In the past, I never would have called myself a perfectionist. Especially in high school, I was pretty successful, quite honestly, in most of the things I did. As a result, I never had to worry or stress out about messing something up. I'm not sure when exactly that changed, when I stopped forgiving myself for getting a B or taking a lazy day. But I did, and it's changed the way I treat myself.

Sometimes, we need to be real with ourselves about our failures. We can't ignore our mistakes. But at the same time, if we dwell on our mistakes so long that we don't let ourselves fix them...we're only hurting ourselves more. That's what I've been doing lately. I've been beating myself up for anything less than perfection so much that I don't have the energy left to pick myself back up and keep going.

I know some of you probably understand this feeling--especially in finals week, when emotions run high and the threat of failure is sitting in the back of our brain just reminding us that it's a possibility. With all that fear of failure, it's easy to feel like any mistake or flaw is the one that will end it all and make it impossible for us to get back on our path of success. You feel me on this? Like if I spend an hour watching TV when I should be studying, then all of a sudden, I'm telling myself that I'm not a discliplined person, that I'm not going to do well, that I don't have what it takes to have success in life.

That's just not true, none of it.

There are a few things that I've been telling myself instead.

I heard an analogy on Gretchen Ruben's podcast "Happier". On it, she (or someone else, I can't remember) compared our own failures to a chef trying out a new recipe. If a chef, even the most skilled chef in the world, wants to try a new dish, chances are, he or she will try it many times. Cooking it different ways. Trying new ingredients. Plating it differently each time. Every time the chef starts again, they are nixing the last dish they made. But...we wouldn't call that a failure, would we? Because it's a necessary and natural step of the path to making a delicious, new dish.

And it's really the same for us. If we reframe the way we look at our mistakes and failures, we can keep them from stopping us. This is my goal now. Instead of my own mental mistreatment, I try to turn things around and even if I don't believe them at first, repeating these things until I do take them as truth.

Failing means I challenged myself.

Failing means I attempted something above mediocre.

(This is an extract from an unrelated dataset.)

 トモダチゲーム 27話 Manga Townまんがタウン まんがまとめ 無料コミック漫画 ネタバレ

Failure gives me a chance to pick myself up and try again, doing a little better each time.

Failure doesn't not mean I won't succeed in the future.

Failure is teaching me humility and perseverance.

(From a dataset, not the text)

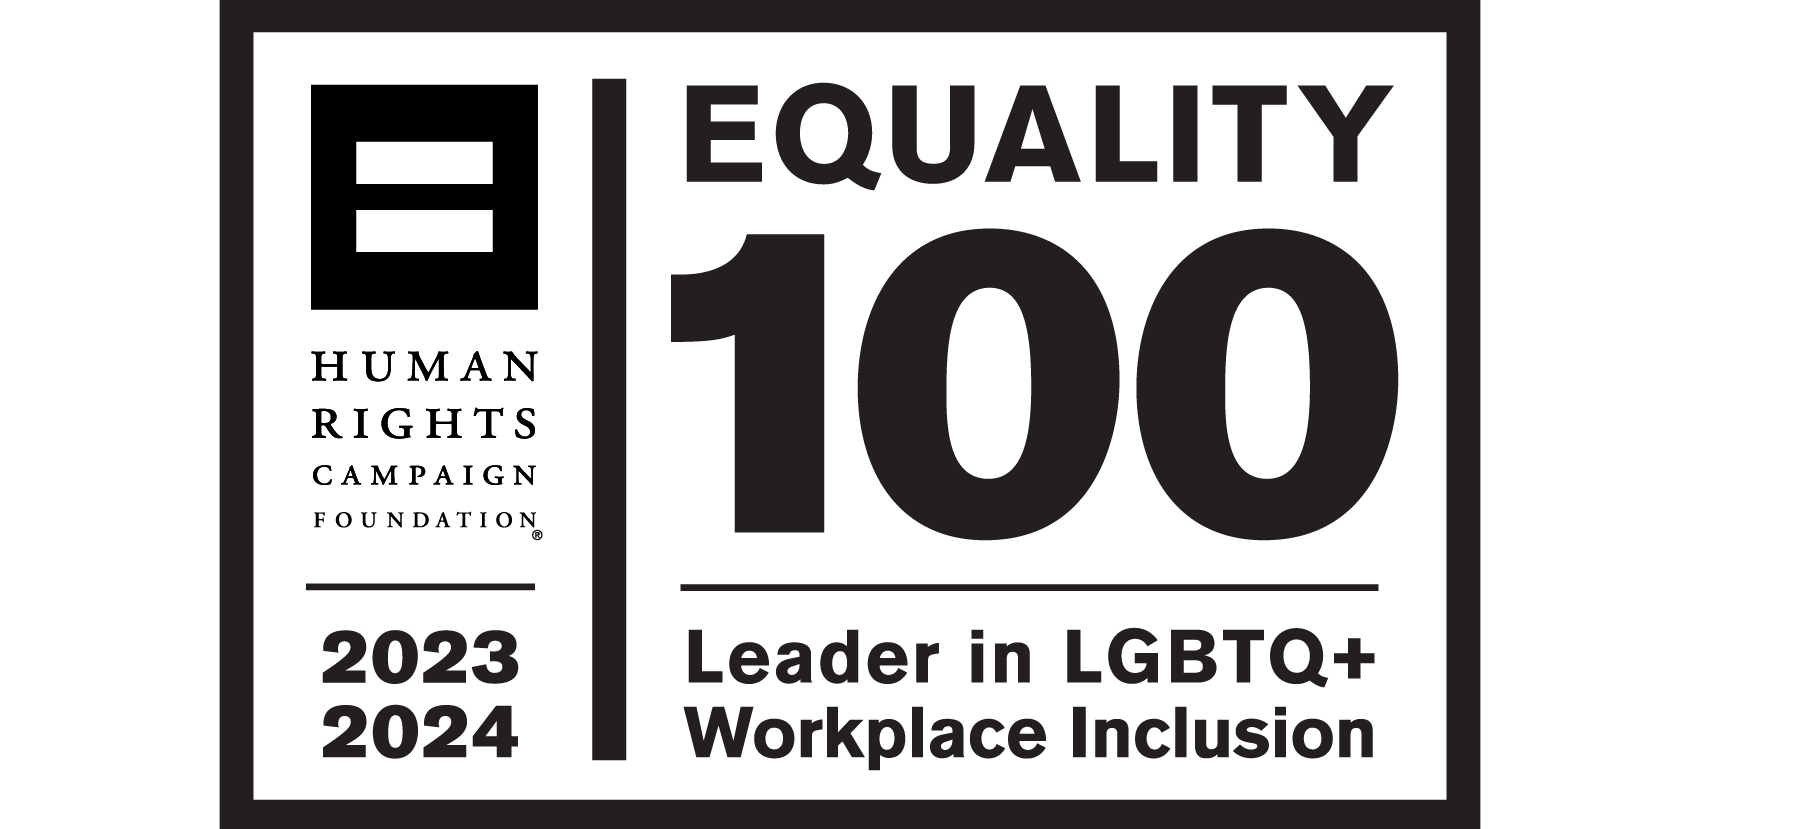 CEI Equality Logo D&I Awards

Failure is building a more resilient spirit inside me.

Failure makes the victories all the more triumphant.

Every time I go through this list, a different phrase will resonate with me, and it's probably the same for you. I've been writing them down on a physical piece of paper and posting them right above my desk, because those failures will inevitable continue to come.

How do you deal with feeling like you've failed yourself?